### COLLECTED DATA
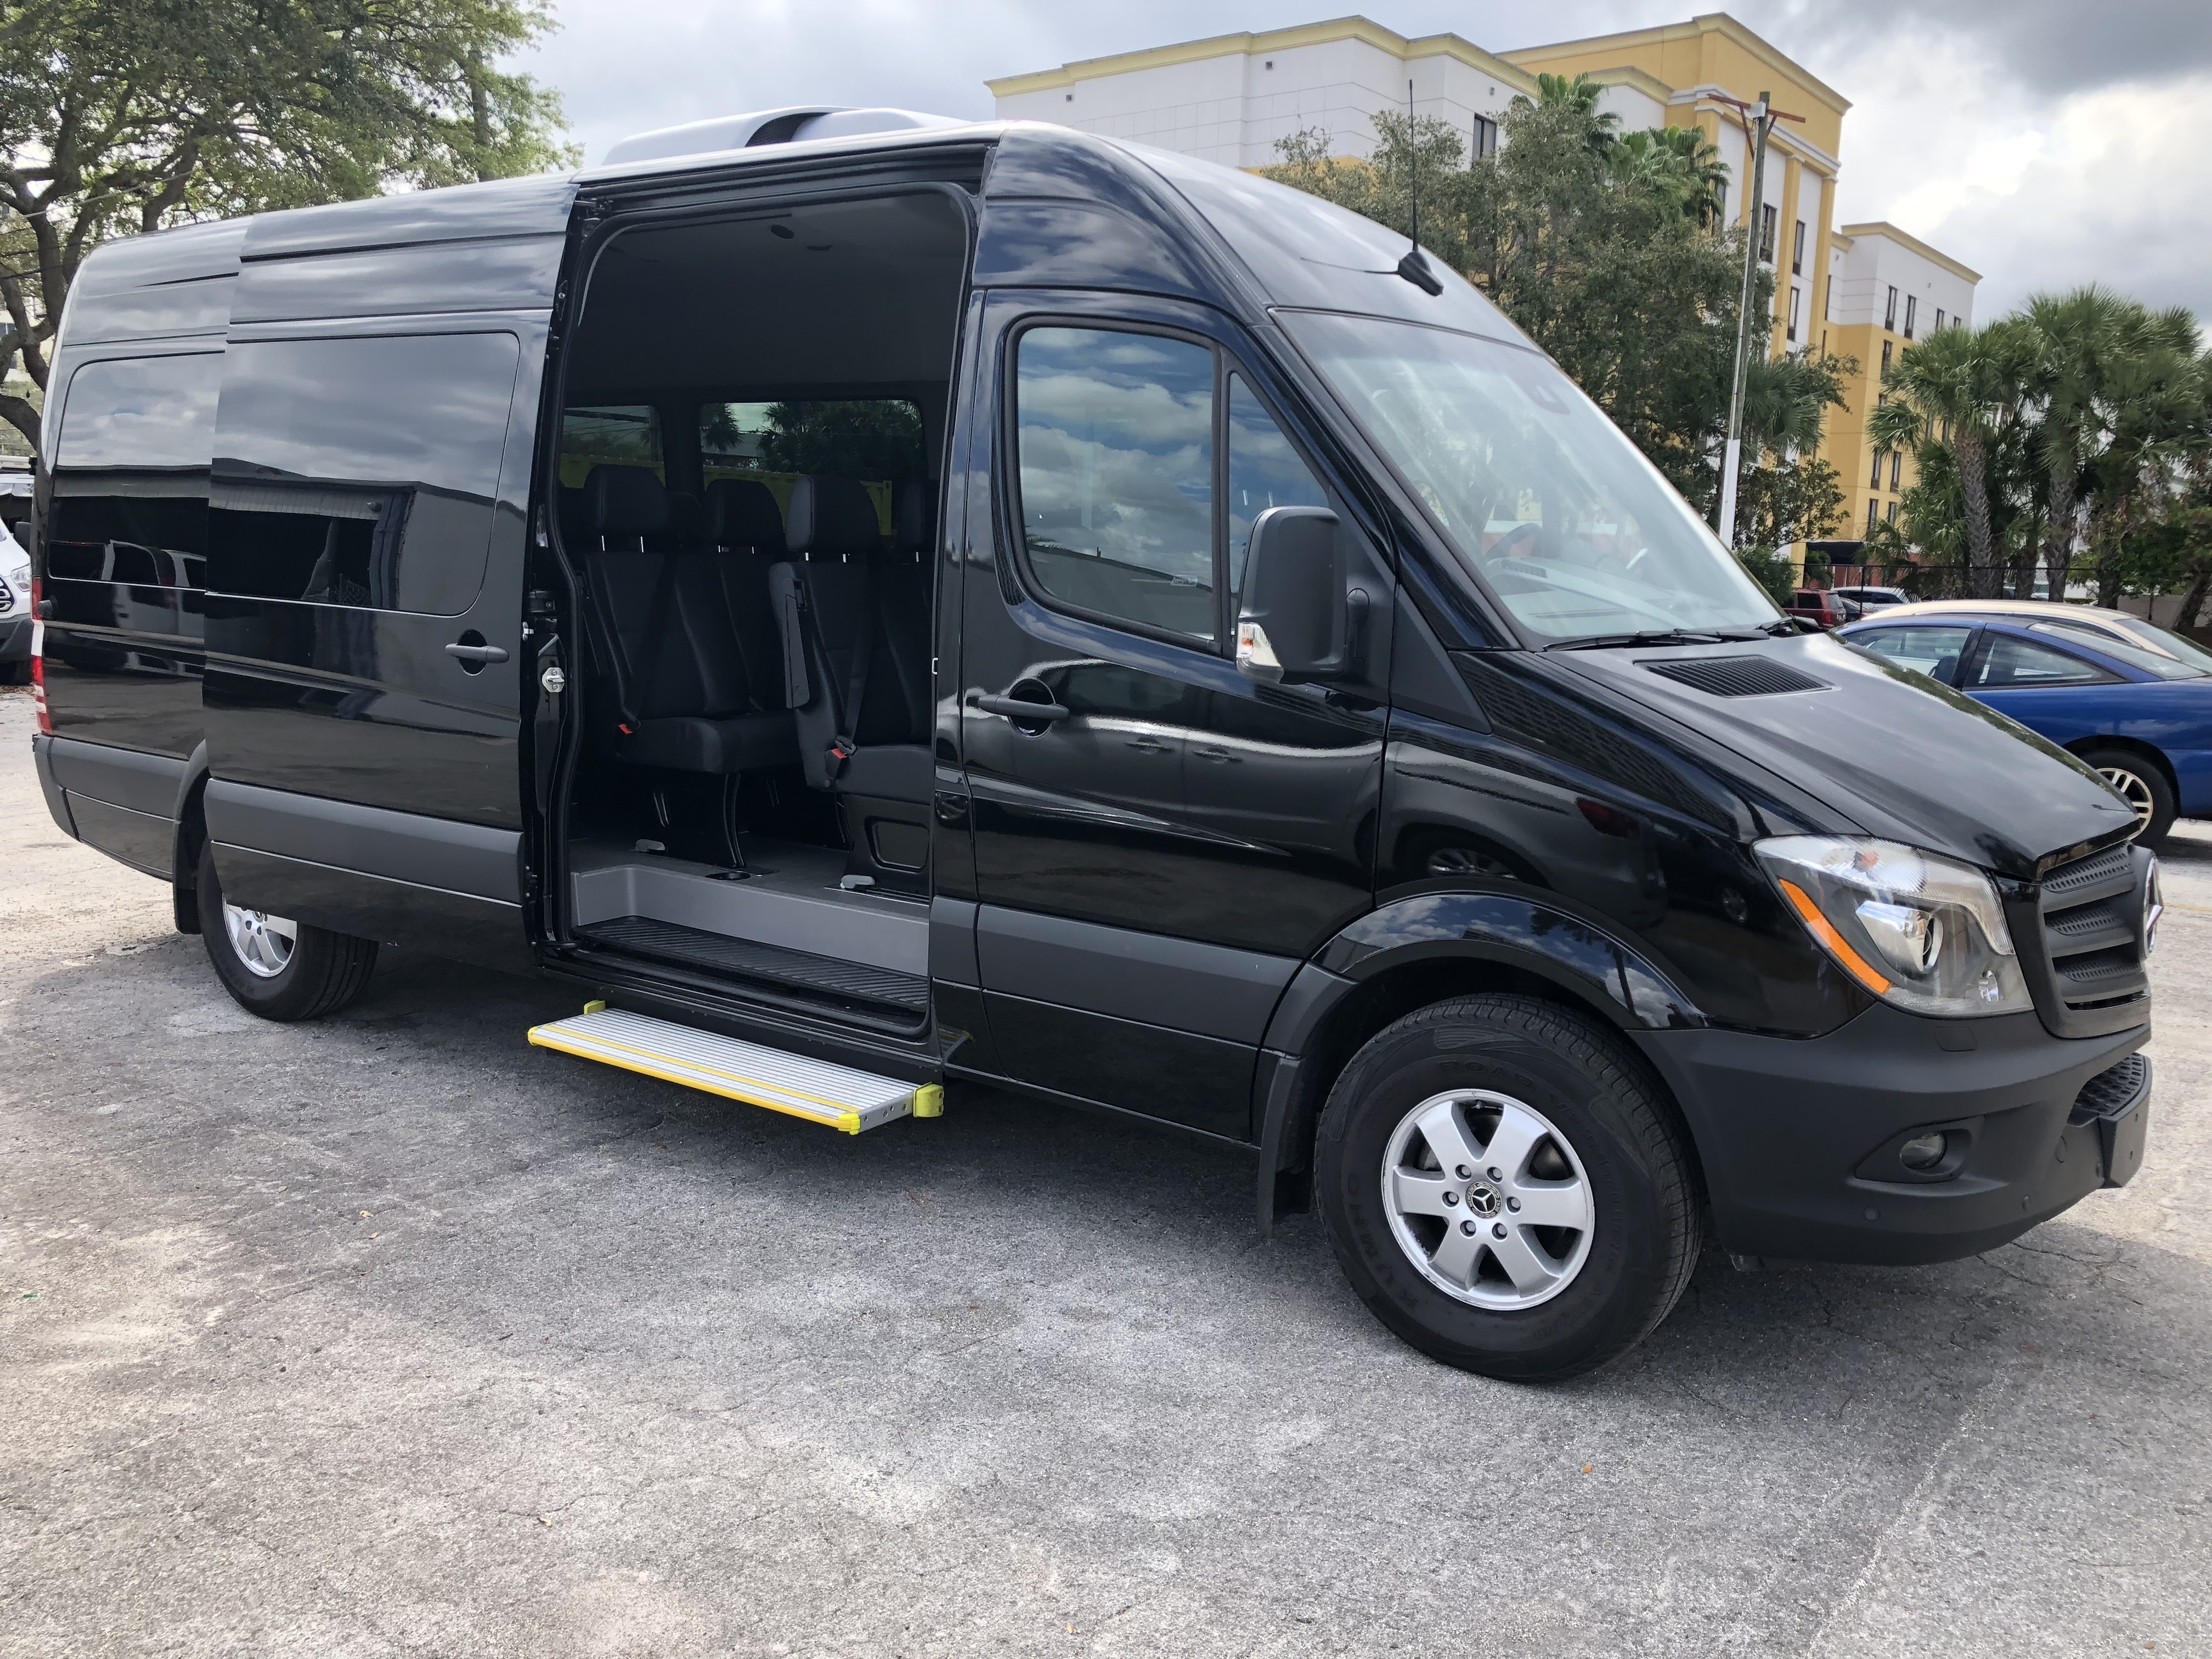 Using Corporate Rental Vans for Employee and Client Events
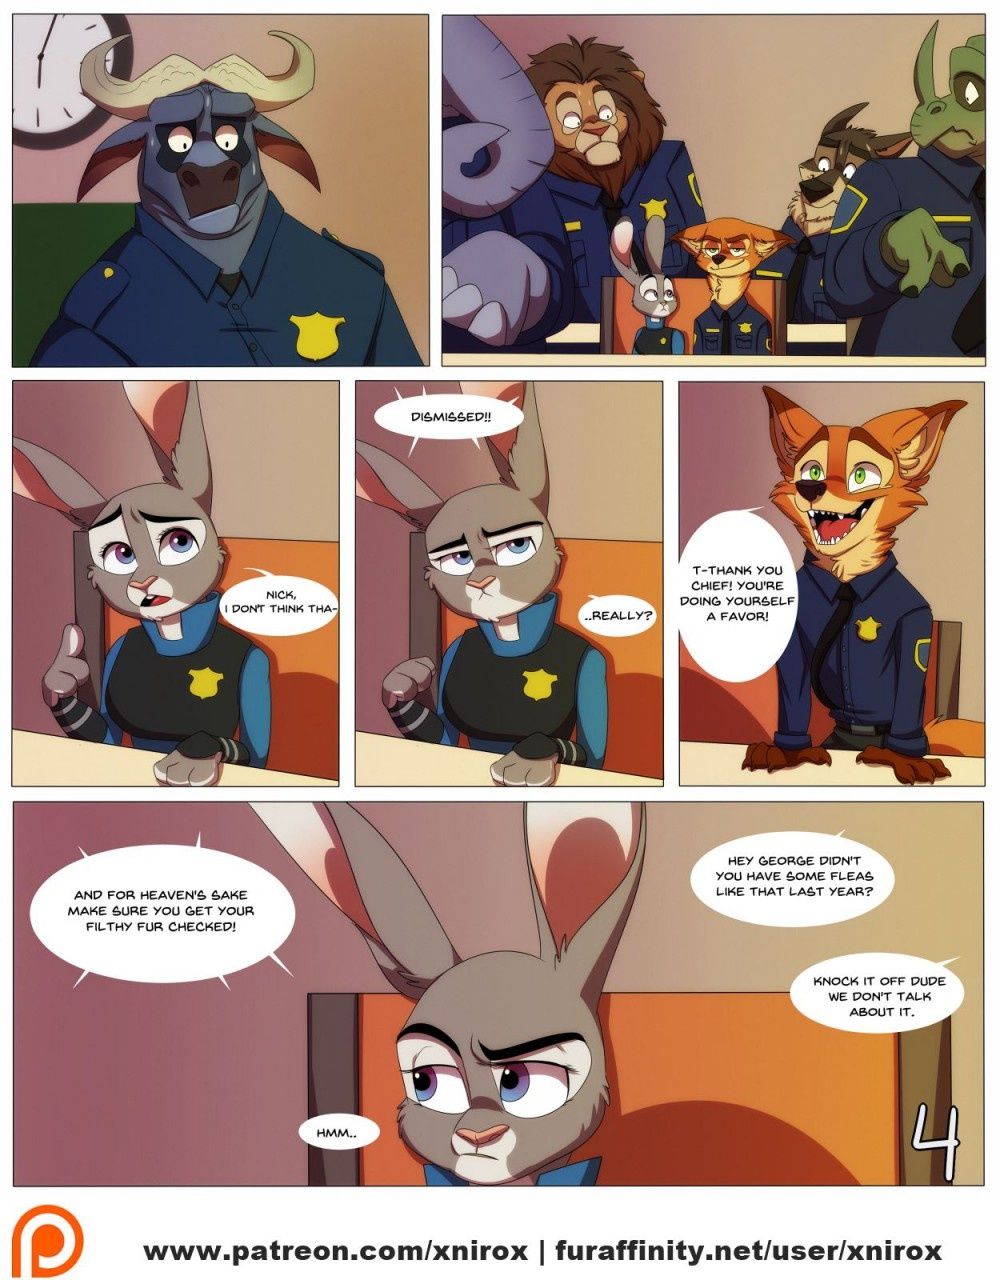 [Xnirox] Zootopia - Twitterpated, Furry Cartoon page 4
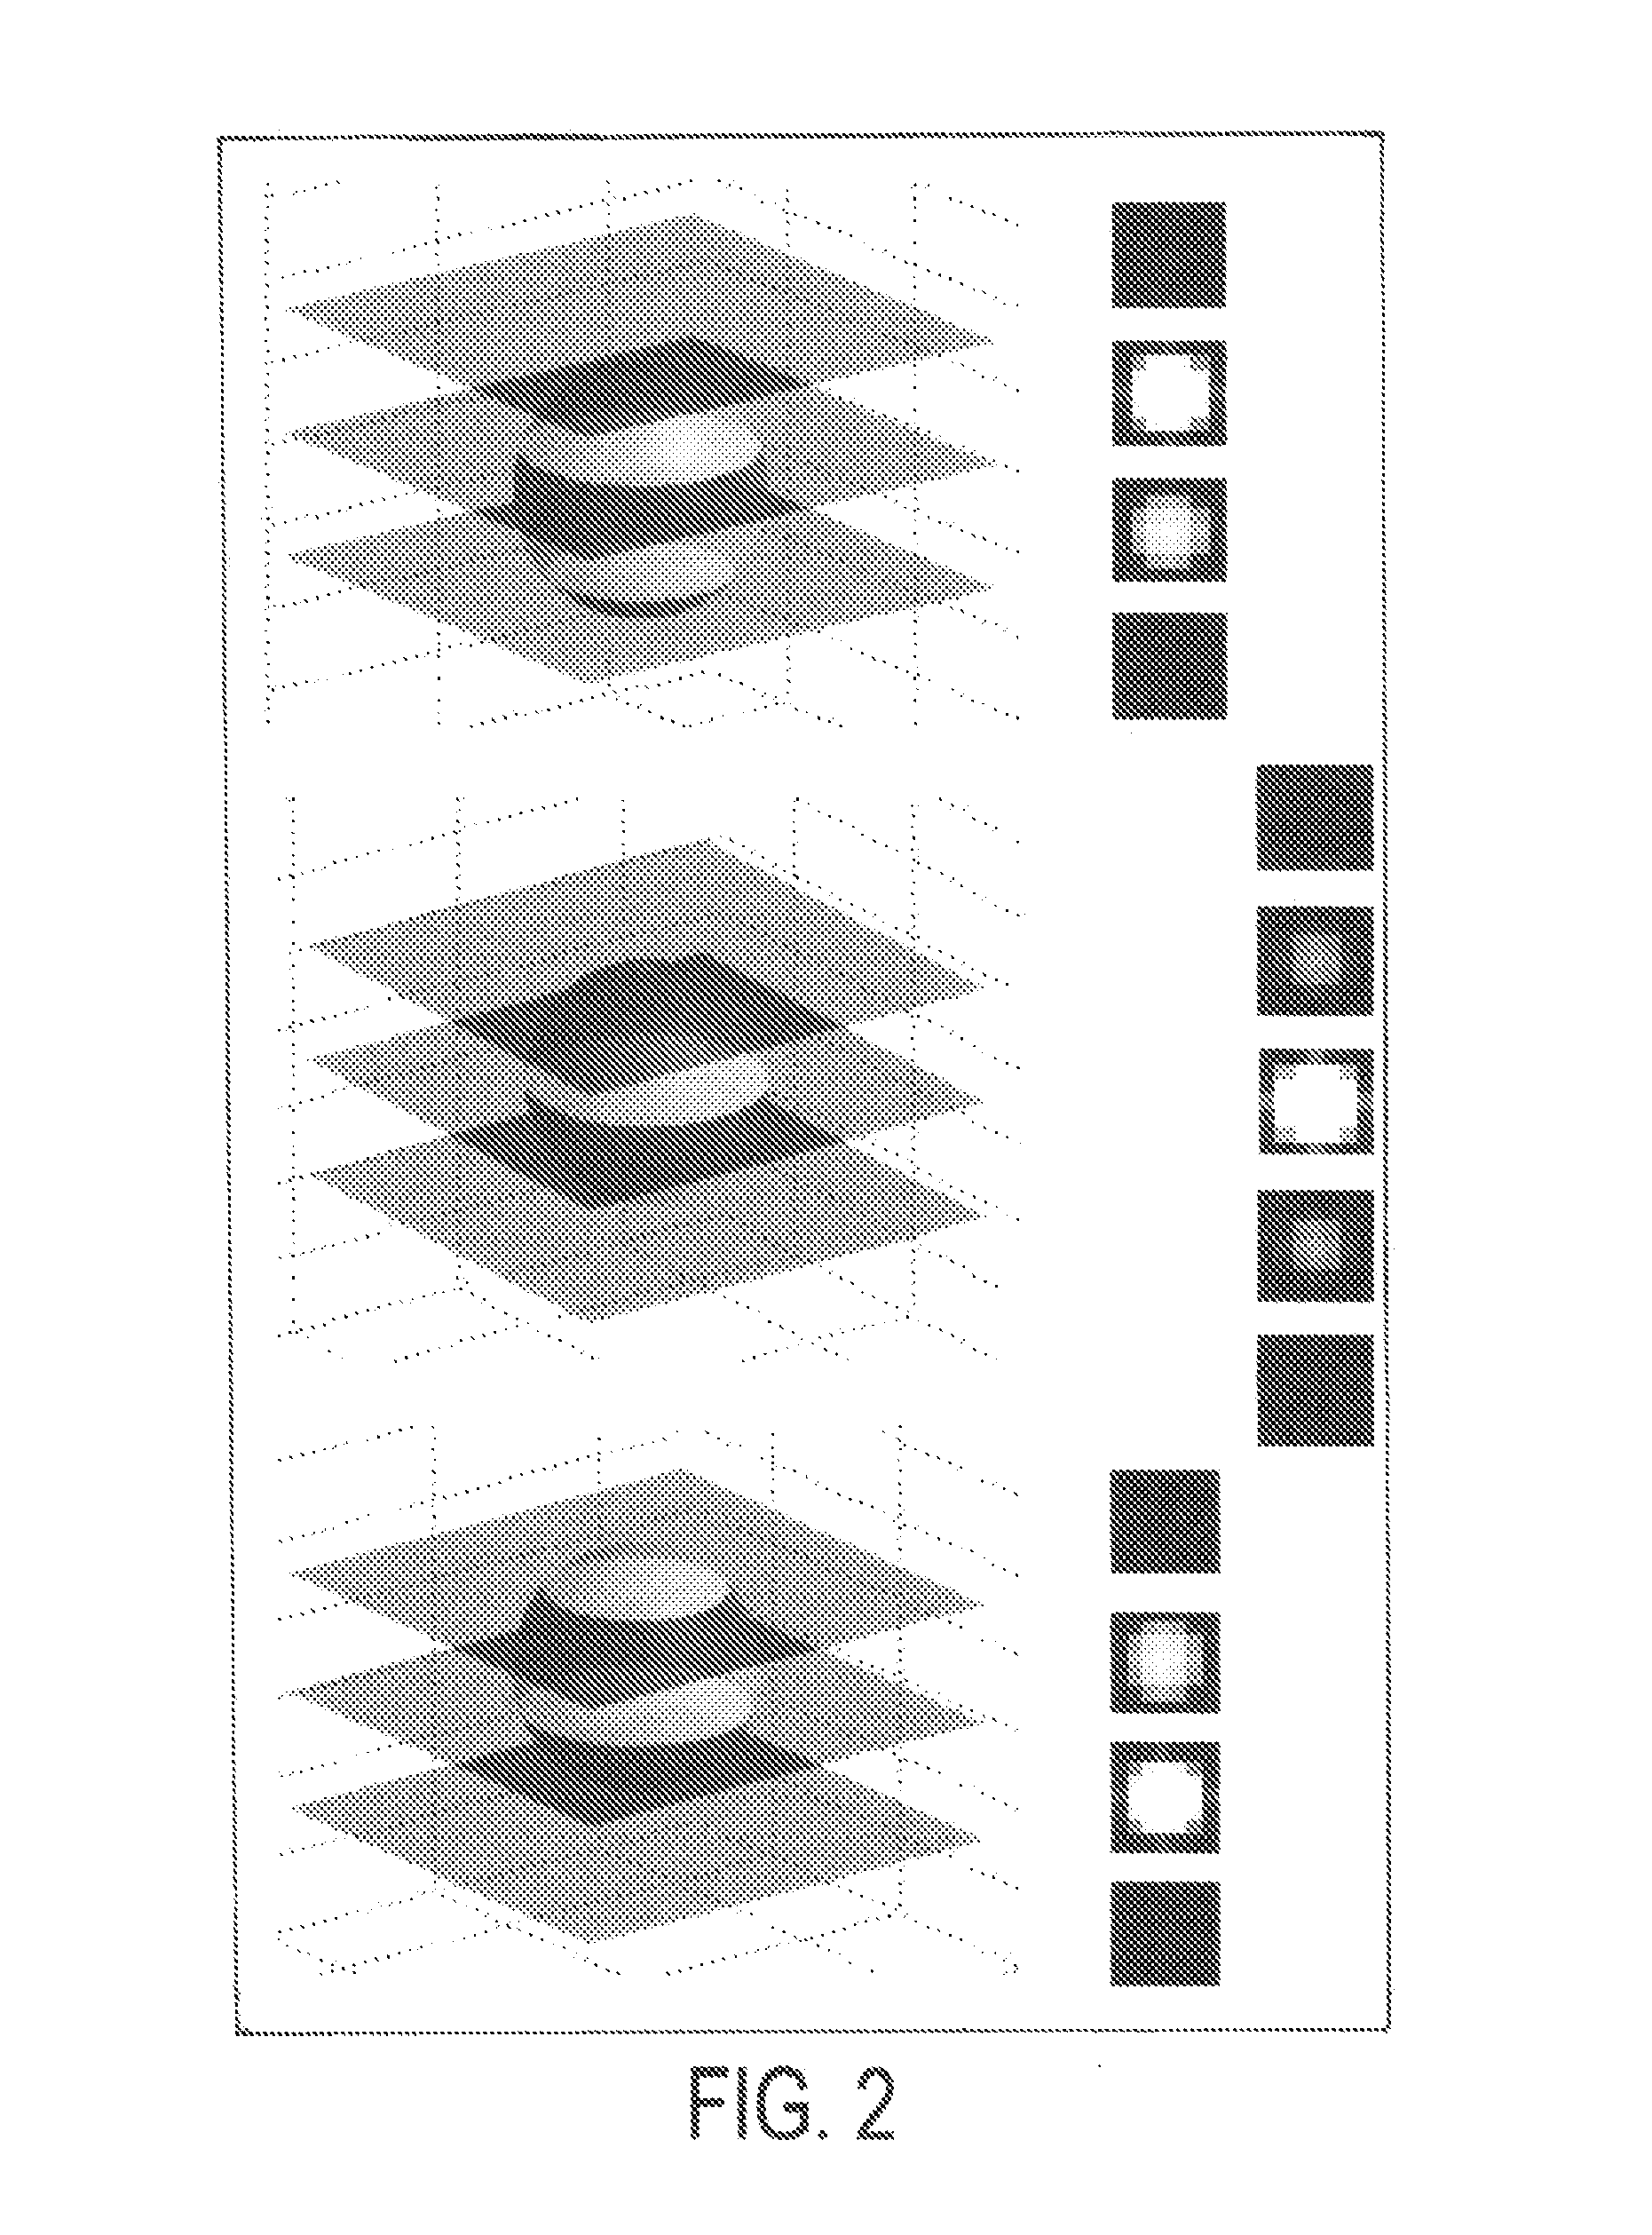 Method and system for detecting lung tumors and nodules

### PROMPT
Write out the listing word for word, omitting the pictures it holds.

### ANSWER BOX
 Using Corporate Rental Vans for Employee and Client Events
 [Xnirox] Zootopia - Twitterpated, Furry Cartoon page 4
 Method and system for detecting lung tumors and nodules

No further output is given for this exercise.